Tooth sensitivity is less obvious sign that you may have a cavity developing. Tooth sensitivity tends to feel like a tingle or tickle at certain times, especially when eating or drinking something hot or cold, or biting into something very sugary, sweet or acidic. Tooth sensitivity typically occurs when bacteria begins to eat through the enamel on the surface of your tooth. 

However, it could just be that you have sensitive teeth. The first step when you notice that your teeth are sensitive to temperature, or to a particular type of food, is to begin using toothpaste specially designed for tooth sensitivity. If after a few weeks the sensitivity doesn’t improve, you may have a cavity, so call your dentist right away to schedule an exam.

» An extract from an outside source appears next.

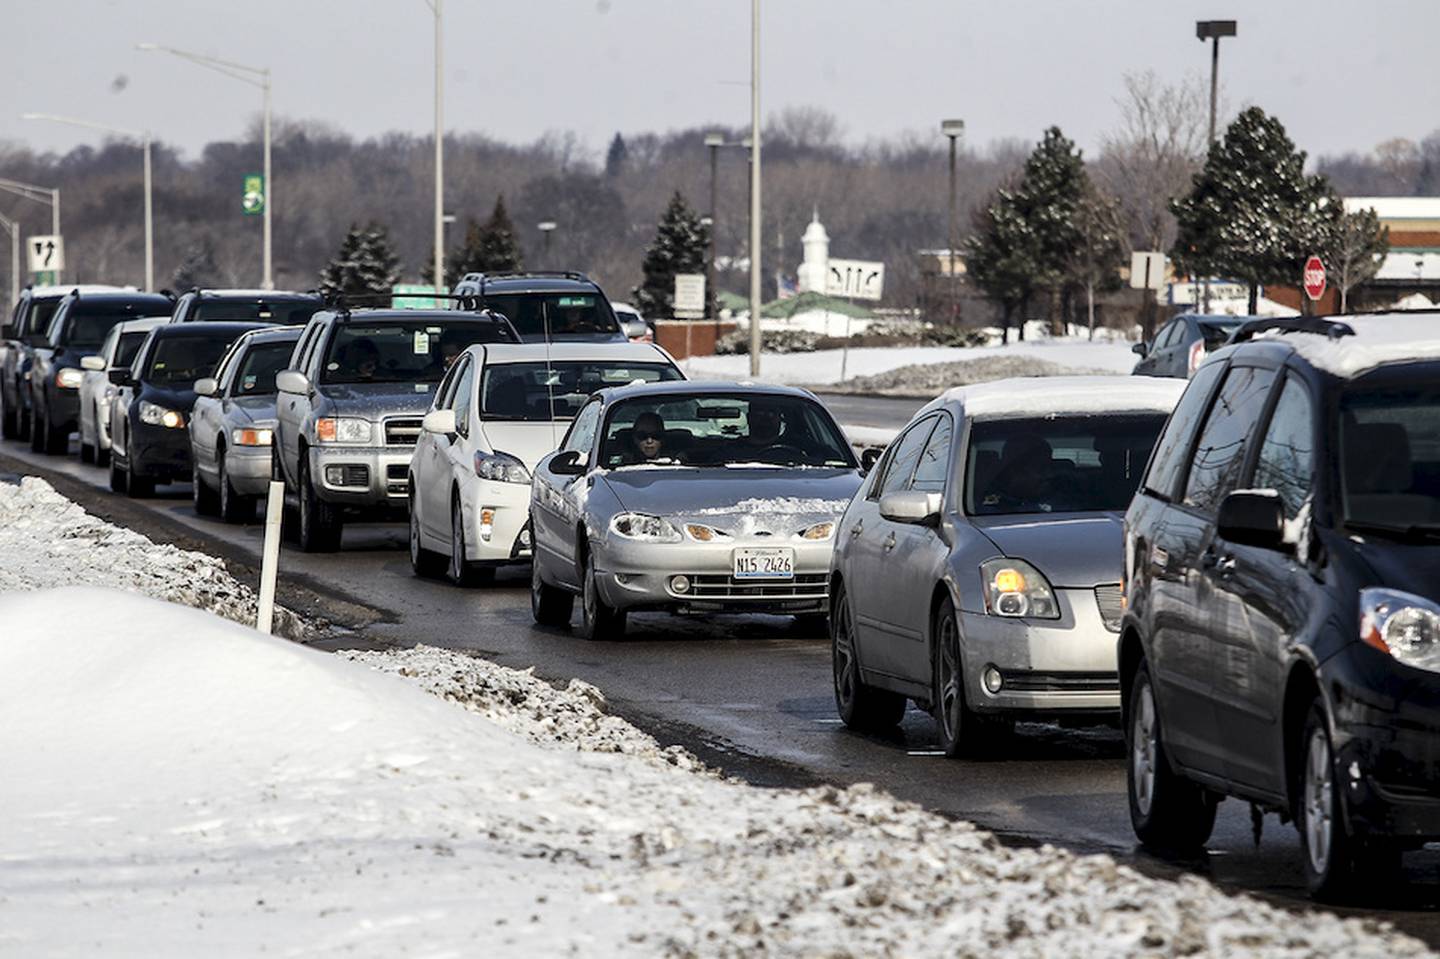 Traffic is backed up Sunday near the intersection of Randall and Algonquin roads in Lake in the Hills. The McHenry County Board voted Tuesday on several measures to spend up to $16 million to prepare for the Randall Road widening and improvement project.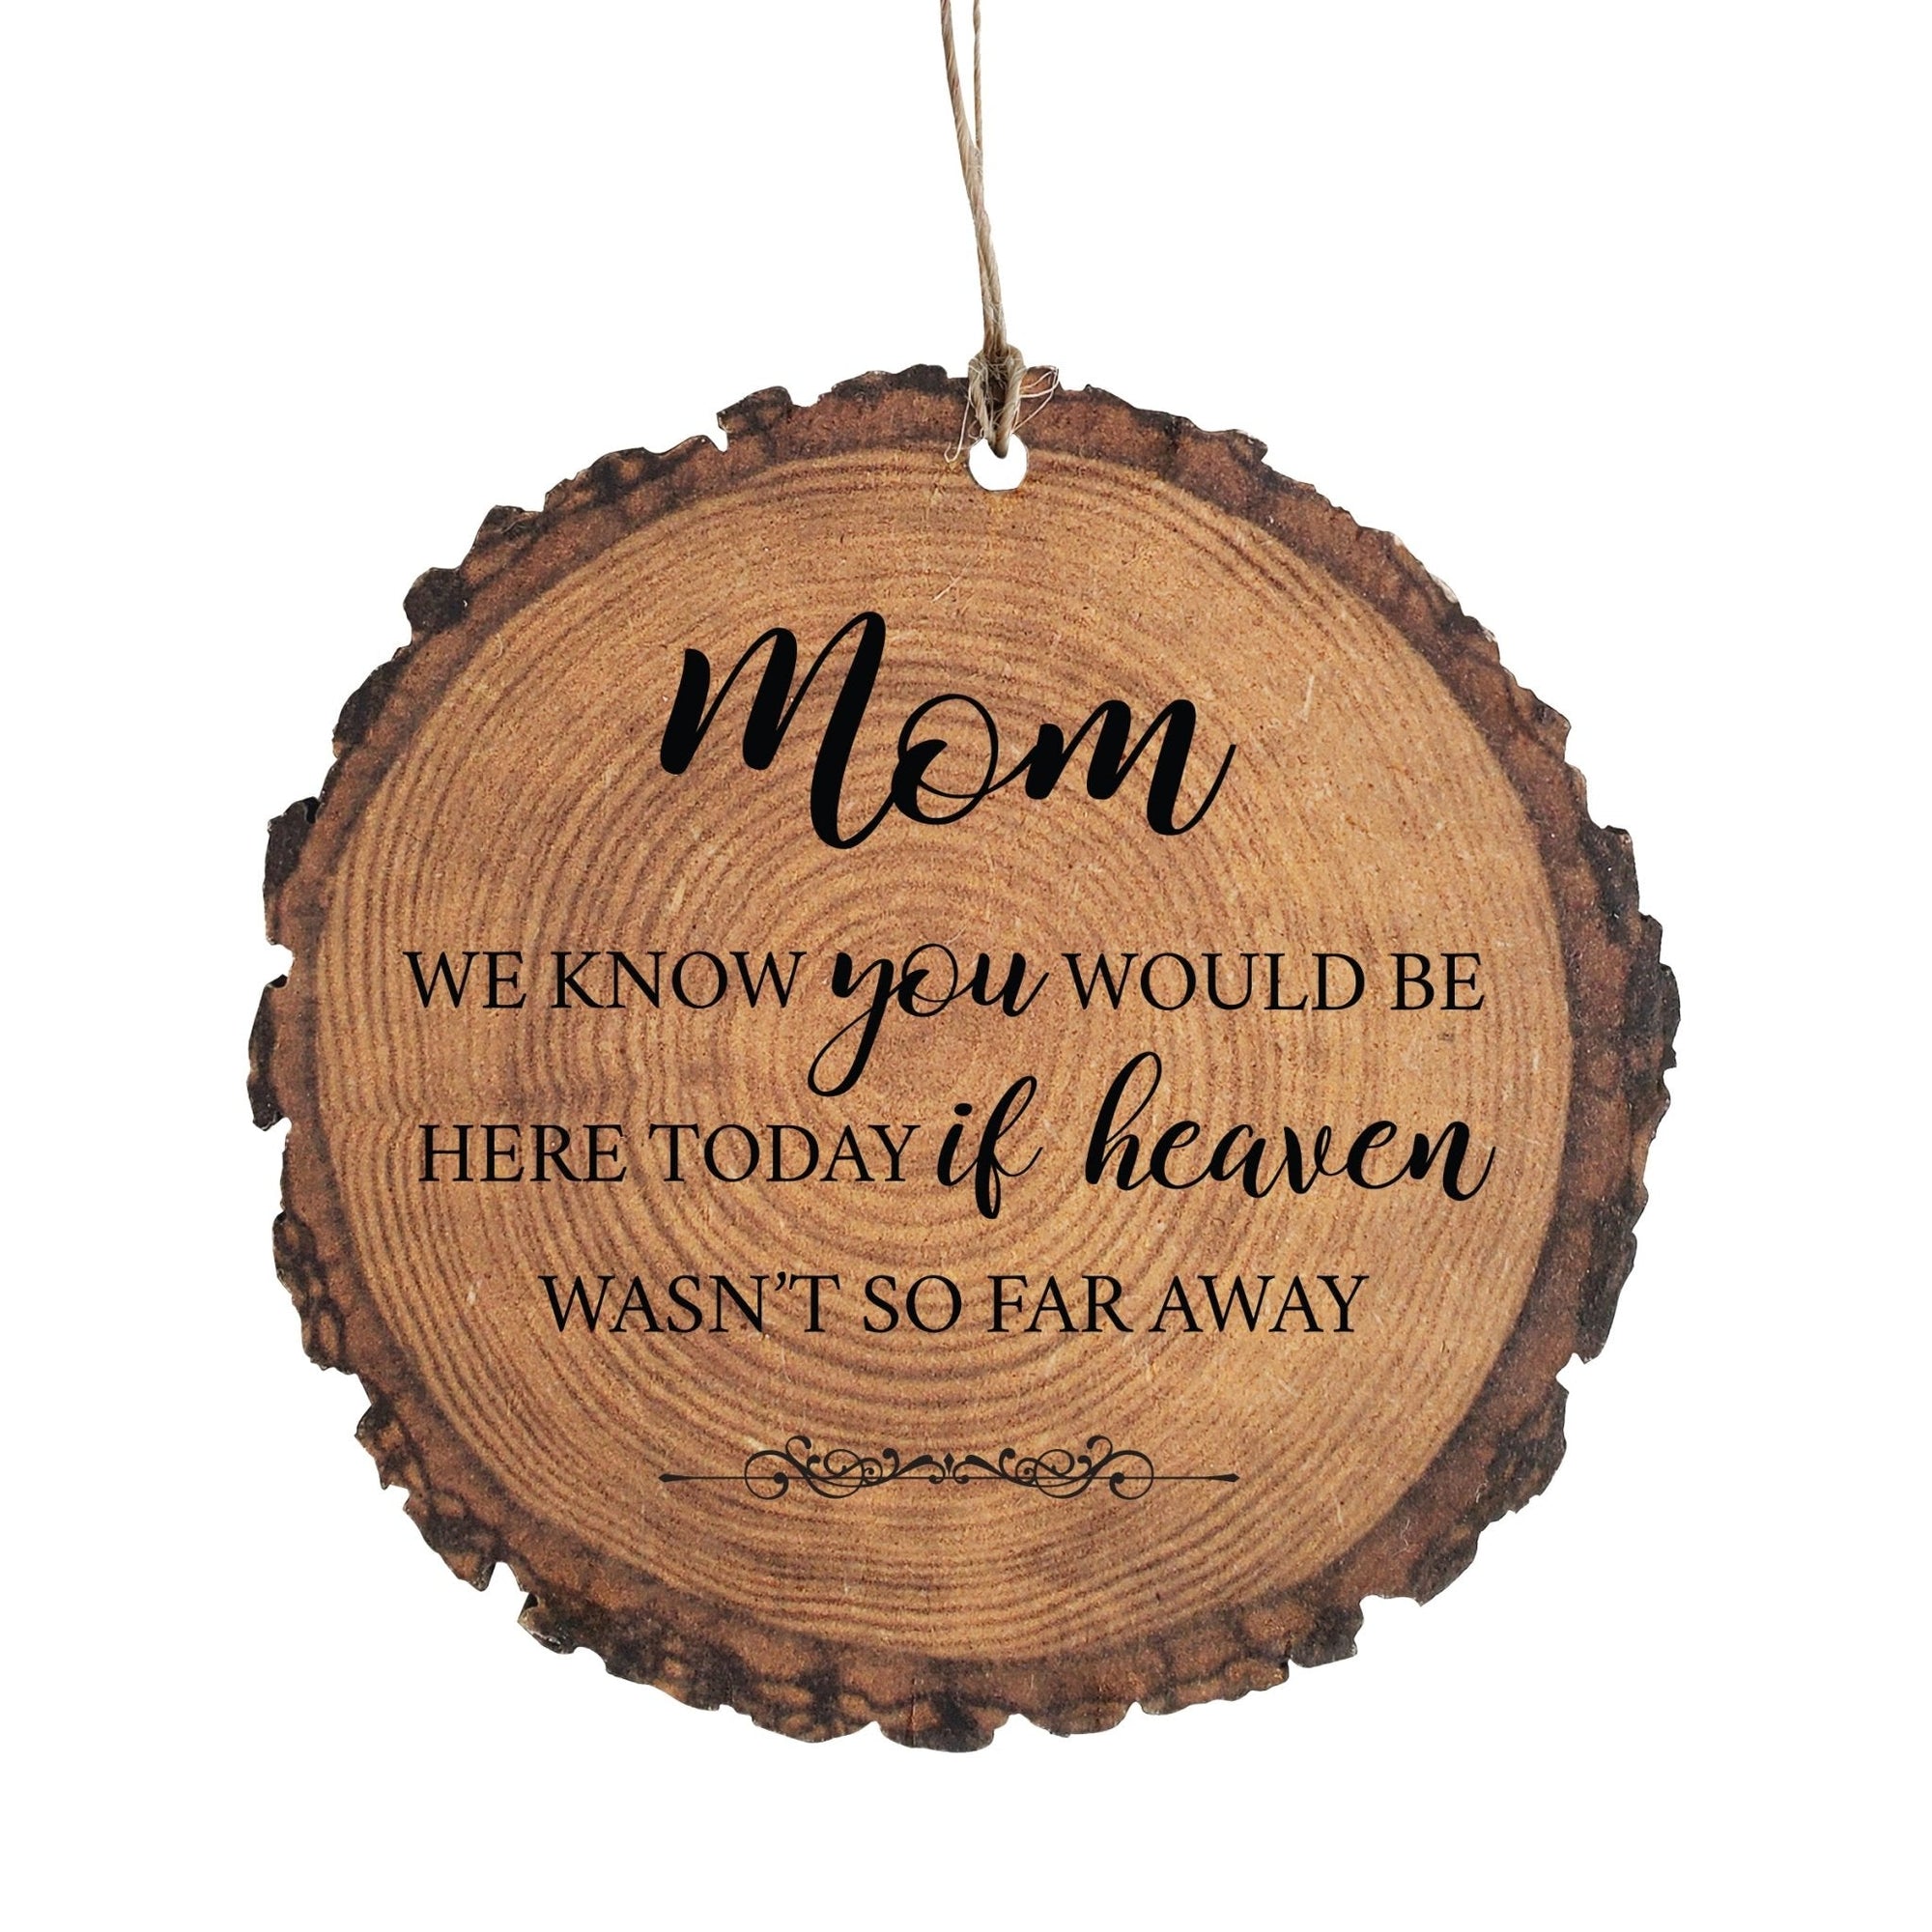 Hanging Memorial Bereavement Barky Ornament for Loss of Loved One - We Know You Would - LifeSong Milestones

3.  Spots, Stains, Pits or Holes 

If you start to notice spots on your teeth, this could indicate that a cavity is forming. White spots are typically the first to appear, and as the decay becomes more advanced, there may be a darker stain that can be brown or black in color. 

Eventually, these spots and stains will worsen if left untreated and will turn into a pit or hole in your tooth. If you feel a pit or hole in your tooth, call your dentist immediately so that the cavity can be cleaned and filled. 

4. Bad Breath

As your tooth starts to decay, the bacteria will spread and penetrate throughout the tooth. This can cause bad breath, or halitosis. Chronic bad breath – meaning bad breath that doesn’t just occur after eating garlic fries or a cheeseburger with onions – can be a sign that an existing cavity is worsening. To avoid costly dental procedures, such as a root canal, see your dentist as soon as possible. 

5. A Chipped or Broken Tooth 

If you have a chipped or broken tooth, even if the chip or break appears minimal, it is important that you have a dentist look in your mouth and see if any repairs need to be made. Chips, cracks and breaks leave your tooth more vulnerable to intrusive bacteria and plaque buildup. 

If you notice any of the above warning signs of a cavity developing, don’t wait to contact your dentist for a complete exam. The sooner a dental professional treats your cavity, the better for your health and your wallet.